Please go to 01:09:00 in that video to see he compiled the program in virgualbox .
PS: I have a gtx 970 card and the other graphic card installed on my workstation, but I don't want to install a real Ubuntu on it, I just want to using a VM to test the cuda world.
Upvotes: 12
Views: 42235
Reputation: 20340
In a VirtualBox VM running Ubuntu 18.04, I installed the NVIDIA CUDA compiler and dev header files with the following:
sudo apt-get install nvidia-cuda-toolkit nvidia-cuda-dev libcupti-dev
This gives me:
> nvcc --version
nvcc: NVIDIA (R) Cuda compiler driver
Copyright (c) 2005-2017 NVIDIA Corporation
Built on Fri_Nov__3_21:07:56_CDT_2017
Cuda compilation tools, release 9.1, V9.1.85
Upvotes: 2
Reputation: 151849
Yes, it's possible.
The presenter in the video is using an Amazon EC2 cloud GPU instance.
In general, many types of VM (virtual machine) offerings can host a linux OS, upon which the CUDA toolkit could be loaded and codes compiled that way.
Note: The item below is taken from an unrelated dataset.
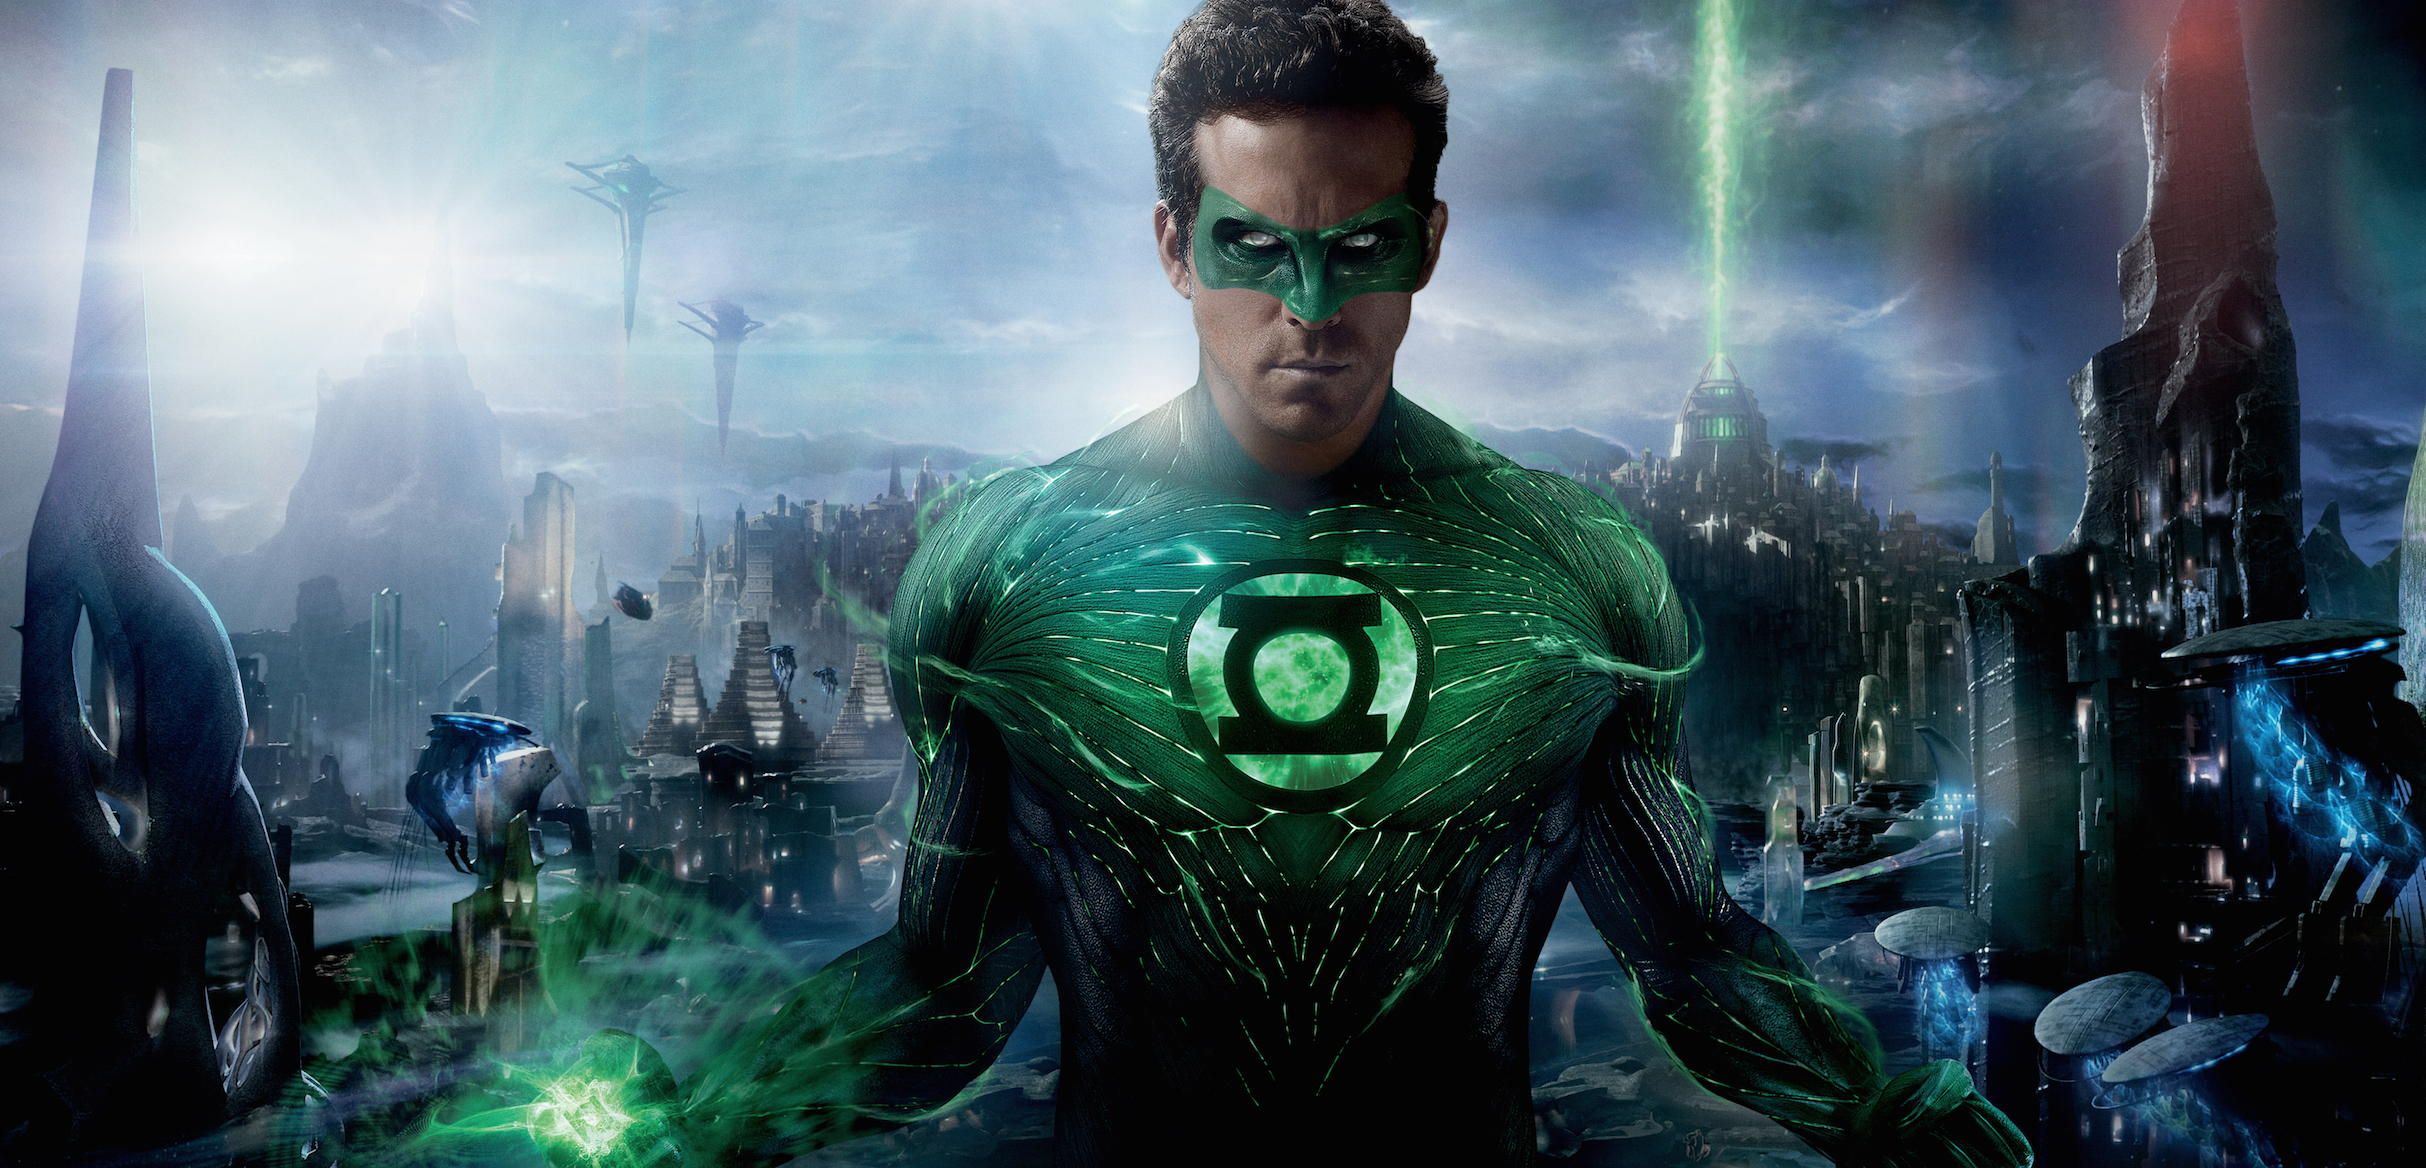 Green-Lantern-film-1

There is a difference between compiling a code and running a CUDA code, however. Running a CUDA code usually requires a CUDA GPU be present/available. This can be done using some types of VMs/hypervisors, but not every VM hypervisor supports the ability to place a physical GPU device into a VM (which is required, currently, to be able to run a CUDA code in a VM).
In general, to provide a GPU within a VM suitable for CUDA usage (currently) it is necessary for the VM/hypervisor to support some sort of PCI Passthrough capability.
Providing a full step-by-step tutorial would depend on the choice of specific hypervisor and is beyond the scope of an answer I can provide here.